À SOMBRA DO CASTANHEIRO (21-05-2017)

– Agora, que já passaram as emoções mais fortes, vais-me contar como decorreu a tua peregrinação a Fátima nos dias doze e treze de Maio! Como te sentes, depois desta experiência, Carlos?
– Com a alma renovada, Tio Ambrósio! O que se passa com cada um naquele lugar não é fácil de descrever, porque a vivência espiritual toca a cada um de sua maneira. Há os que se ajoelham e erguem as mãos; os que balbuciam orações; os que batem com a mão no peito, pedindo perdão e misericórdia; os que cantam hinos de louvor; e há os que, diante da imagem da Virgem do Rosário, ficam com os olhos rasos de água, caindo-lhes as lágrimas pelo rusto, duas a duas, como que nascidas de uma fonte inesgotável…
– Até eu aqui, em frente do televisor, passei por muitos desses momentos que me comoveram até ao fundo da alma! Sou assim! Há alturas em que não consigo deixar de levantar as mãos em jeito de prece, e outras em que me comovo até às lágrimas. E estes sentimentos vão sendo cada vez mais fortes em mim com o passar dos anos.

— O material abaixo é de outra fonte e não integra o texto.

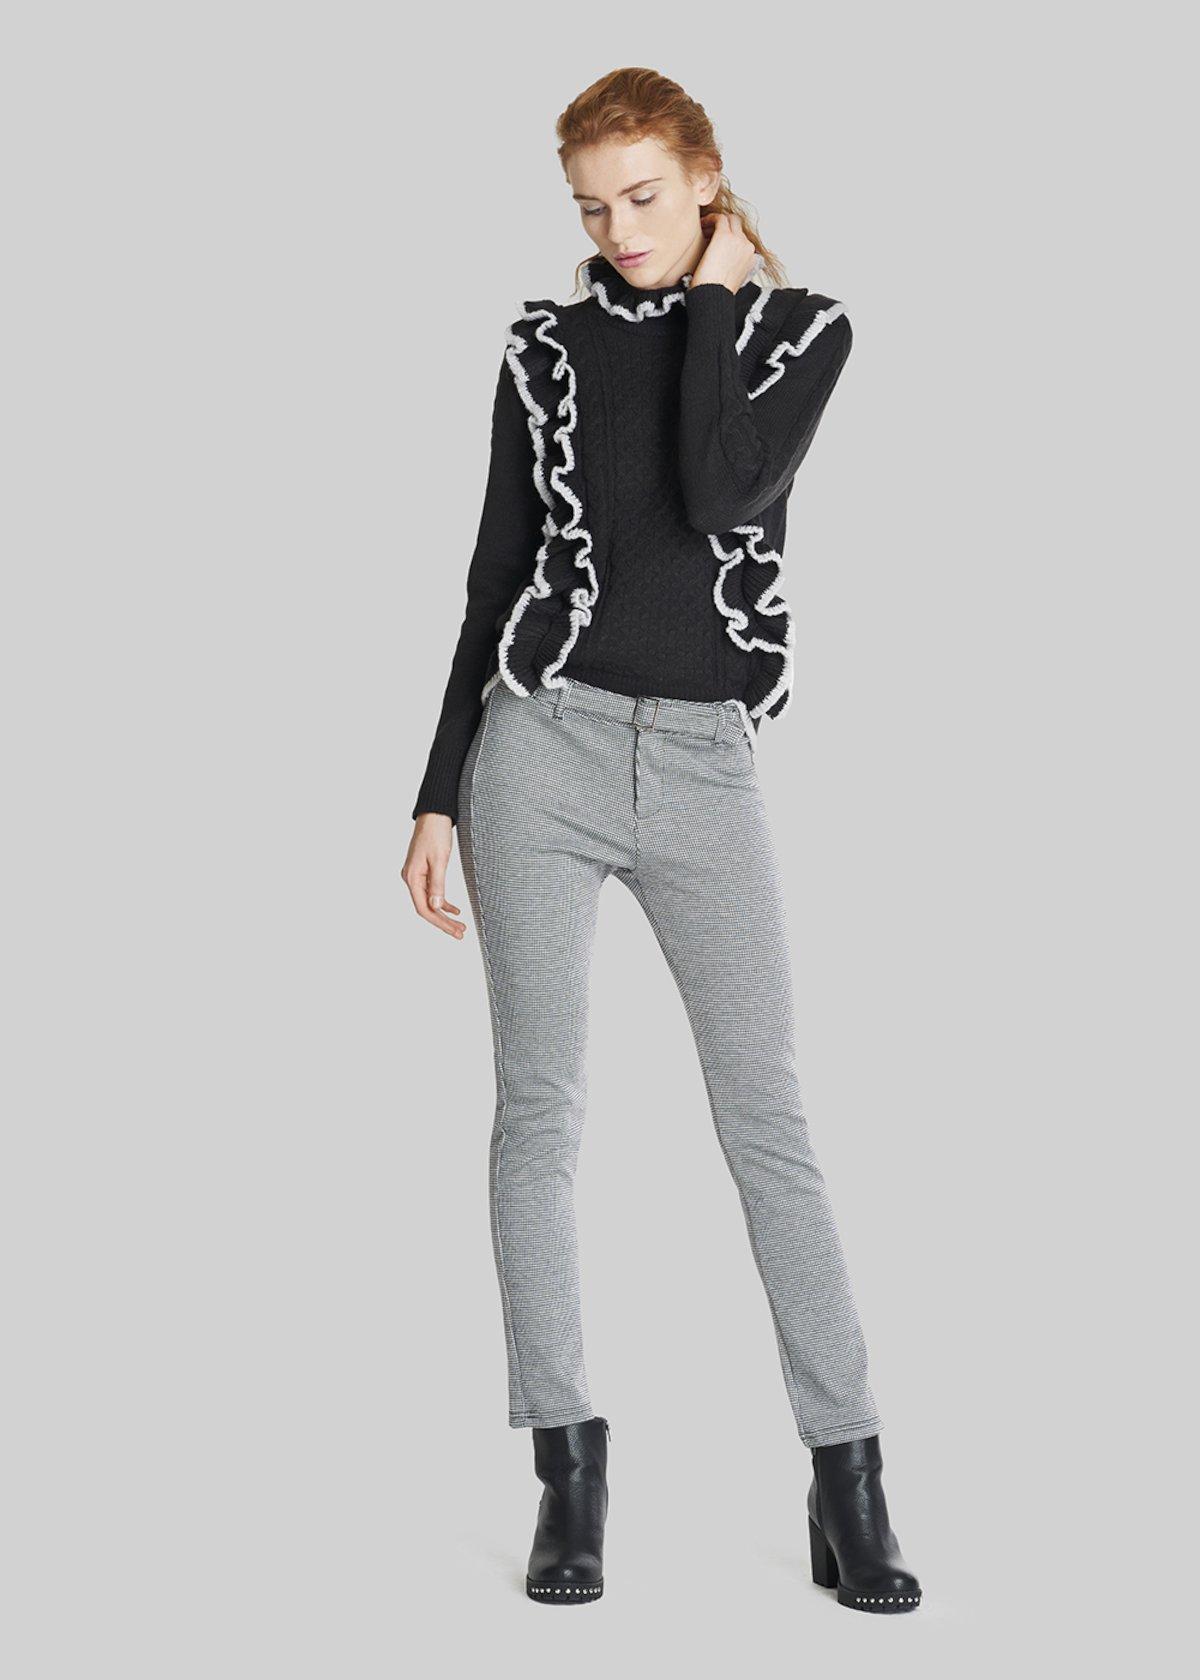 Paliky trousers with waist belt - Black White Fantasia

– Também eu senti todas essas emoções, Tio Ambrósio! Procuro não as exteriorizar muito, mas cá por dentro vivo intensamente cada momento. Tocou-me sobremaneira o silêncio, Tio Ambrósio! Quando o Santo Padre entrou no recinto da Cova da Iria todos os presentes lhe deram vivas e bateram palmas. Mas depois, quando o Papa Francisco entrou na capelinha das aparições, que é o verdadeiro coração do Santuário, e se colocou em frente da imagem de Nossa Senhora, olhando-a fixamente, e não balbuciando qualquer palavra por largos minutos, o seu silêncio foi contagiante. Aquela multidão de centenas de milhar de pessoas assumiu uma atitude de profundo recolhimento e eu tive a sensação de ouvir o próprio silêncio dentro do peito das pessoas. A Joana e os pequenos, que estavam junto de mim, espontaneamente deram-me as mãos, e eu sou testemunha da concentração da mais pequena, que, sendo habitualmente tão irrequieta, ali ficou de olhos fixos na capelinha, quase não pestanejando nem mexendo os lábios. Era tão profundo o silêncio que a sua mão pequena, na minha já calejada pelo trabalho e pelos anos, quase nem deixava aperceber o batimento do coração…

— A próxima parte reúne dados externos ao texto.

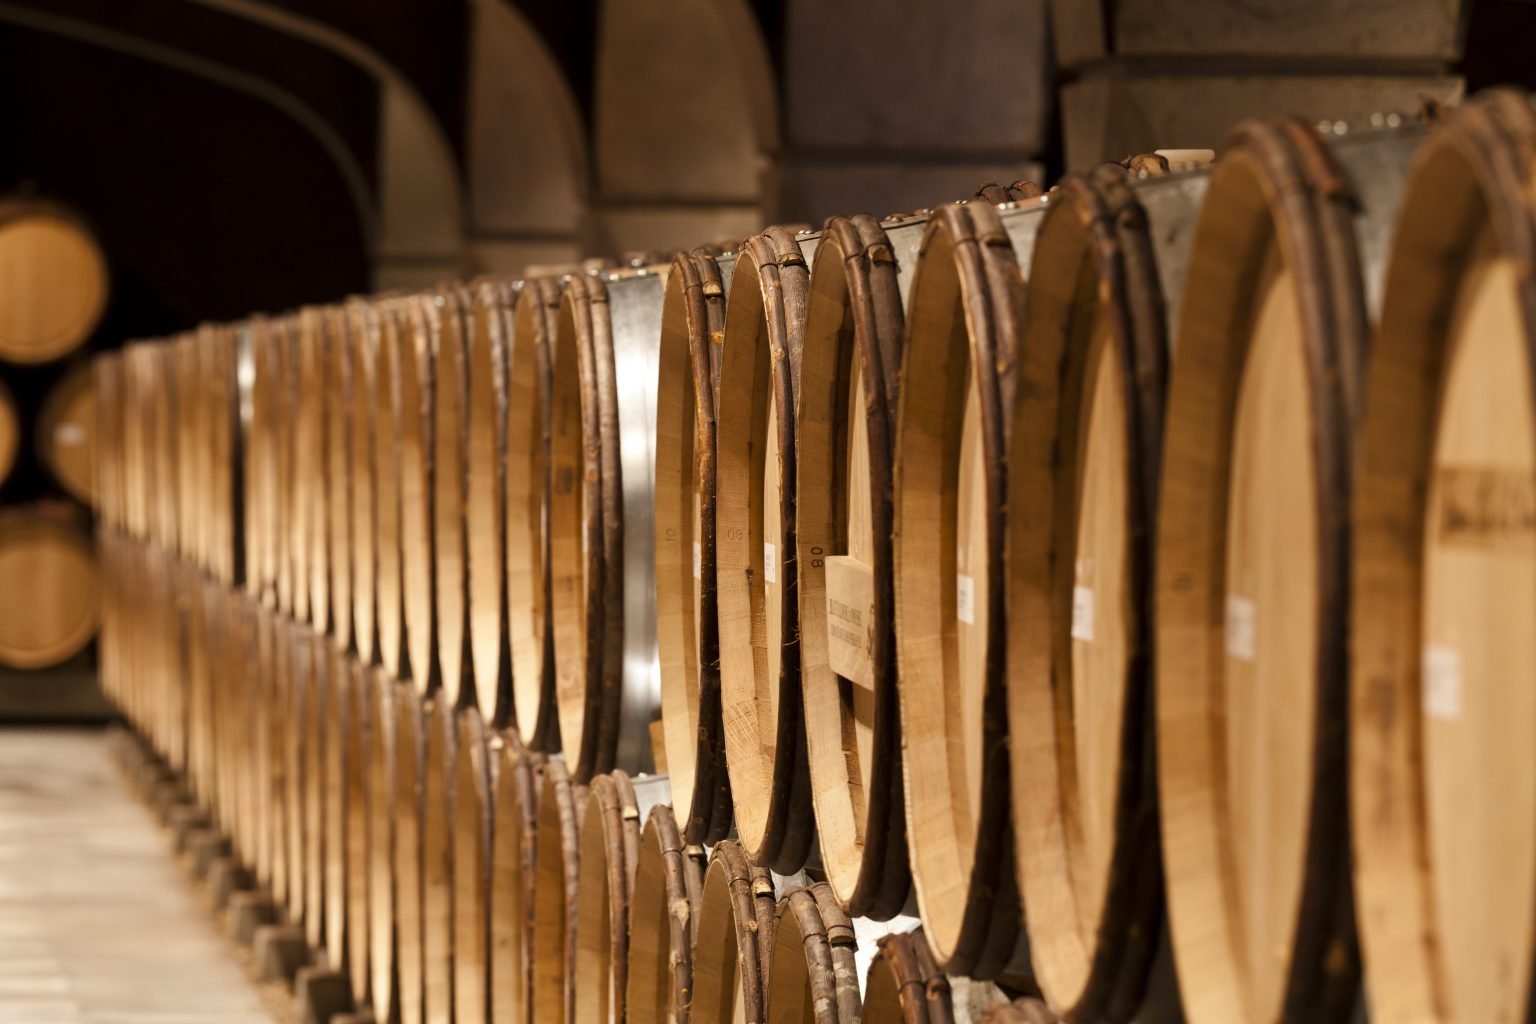 Barrels of Burgundy
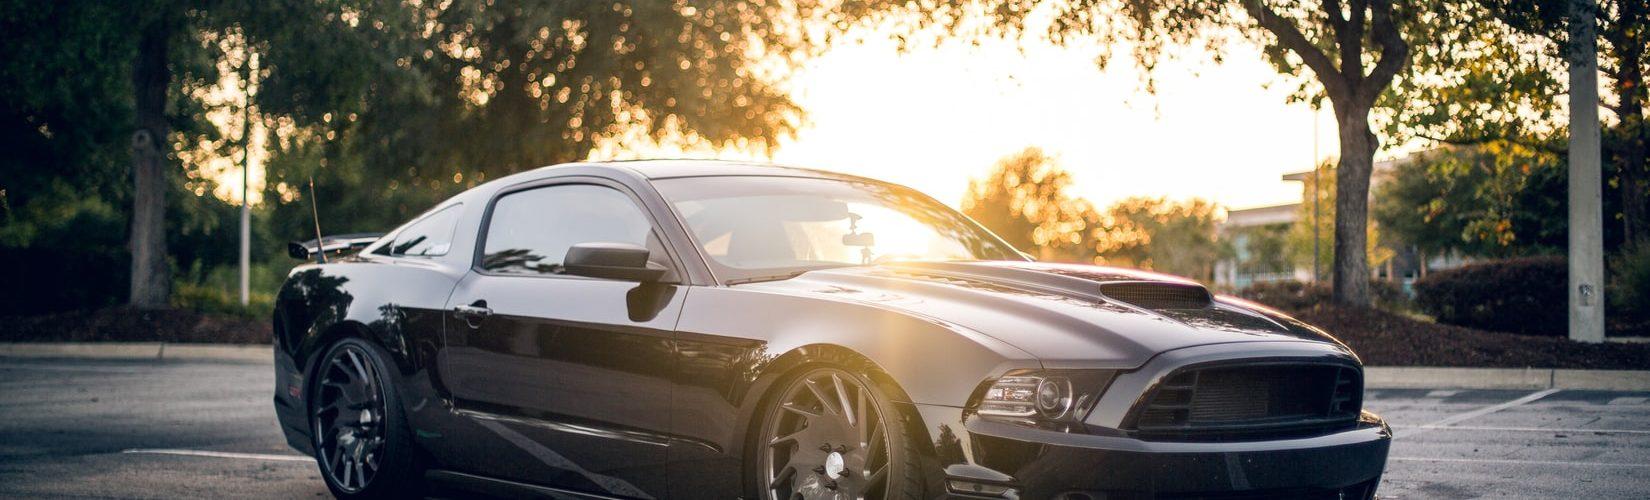 zwarte-auto

– Temos muitas semelhanças, Carlos! Claro que não é a mesma coisa participar numa peregrinação ao vivo, sentindo as emoções no próprio lugar onde decorrem os acontecimentos, do que assistir através da televisão, que tem um ritmo próprio para manter os espectadores atentos ao que se passa. Mas foi-me grato registar que o locutor de serviço do canal que estava a seguir se deixou, também ele, contagiar pelo silêncio, de tal modo que eu pude fechar os olhos e peregrinar espiritualmente até junto de vós, participando da vossa vivência no próprio lugar onde o Papa Francisco dialogava, em silêncio profundo, com a Mãe de Jesus.

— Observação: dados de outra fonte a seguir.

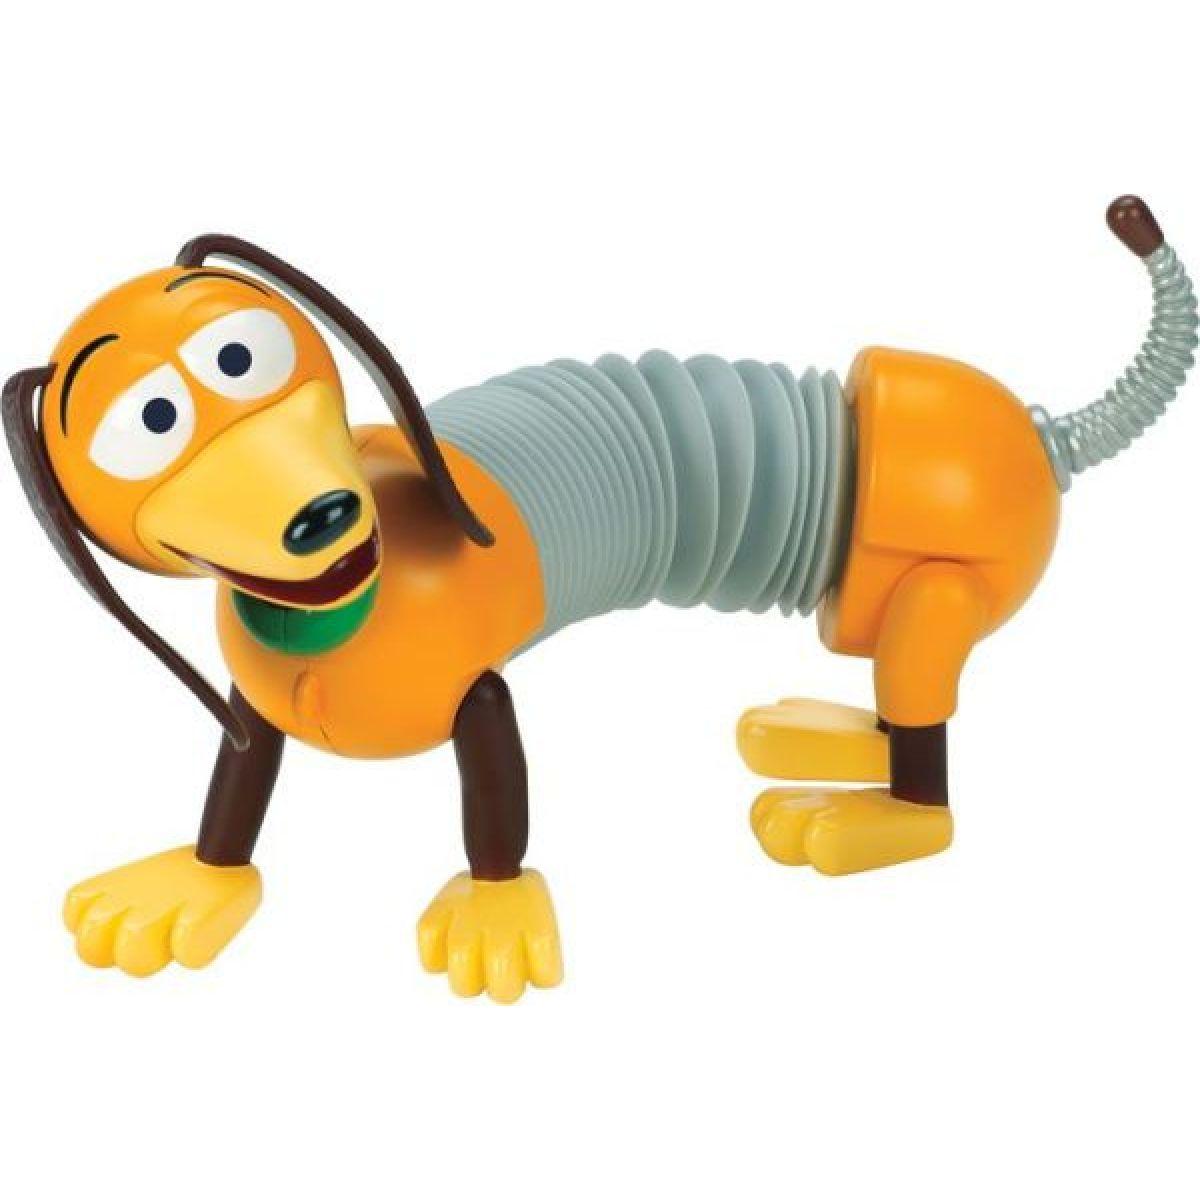 Mattel Toy story 4 figurka Slinky Dog ZigZag

– Não é assim muito fácil de entender que o diálogo possa acontecer através do silêncio, no mais íntimo de cada um…
– É preciso fazer a experiência do silêncio para se acreditar nesse poderoso meio de comunicação, meu caro Carlos! Toda a gente diz que “a falar é que a gente se entende”. E isso é verdade. Mas nem todos descobriram ainda que se pode falar com os lábios, se pode falar com o olhar e se pode falar com o coração. O Santo Padre, olhando com ternura a imagem de Maria, sintonizou o seu olhar e o seu coração com o olhar e o coração da Mãe. Todos nos apercebemos que houve um diálogo de sentimentos, uma declaração de amor por parte de um, e a resposta da ternura maternal por parte de Maria…
– Eu senti uma coisa semelhante, Tio Ambrósio! E no dia seguinte, logo pela manhã, a Joana, que nisto como em tudo é uma verdadeira mãe de família, convidou-nos a aproximarmo-nos o mais possível da capelina e, de novo com as mãos entrelaçadas, termos uma conversa familiar com Nossa Senhora, todos em silêncio, mas com os nossos corações sintonizados com o dela! E eu ouvi distintamente no meu interior a voz da Virgem Maria a segredar-me que lhe era muito agradável que estivéssemos ali em família, quase que unidos num só coração e numa só alma. E a Joana, já no regresso, segredou-me que se passou com ela o mesmo que se passara comigo. E até a nossa filha mais nova teve o atrevimento de me perguntar o que é que Nossa Senhora me tinha dito quando estivemos de mãos dadas em silêncio orante diante da Sua imagem.
– E tu, que lhe respondeste?
– Apenas a olhei e lhe sorri! E ela entendeu que a Mãe de Jesus me tinha dito a mim precisamente o que lhe havia dito a ela. E depois mudou de página, porque estava a aproximar-se o momento mais esperado por ela e pelas outras crianças.
– Por todos nós que, apesar dos anos, continuamos a ser meninos e a sonhar que estamos dormindo seguros e tranquilos ao colo da nossa Mãe…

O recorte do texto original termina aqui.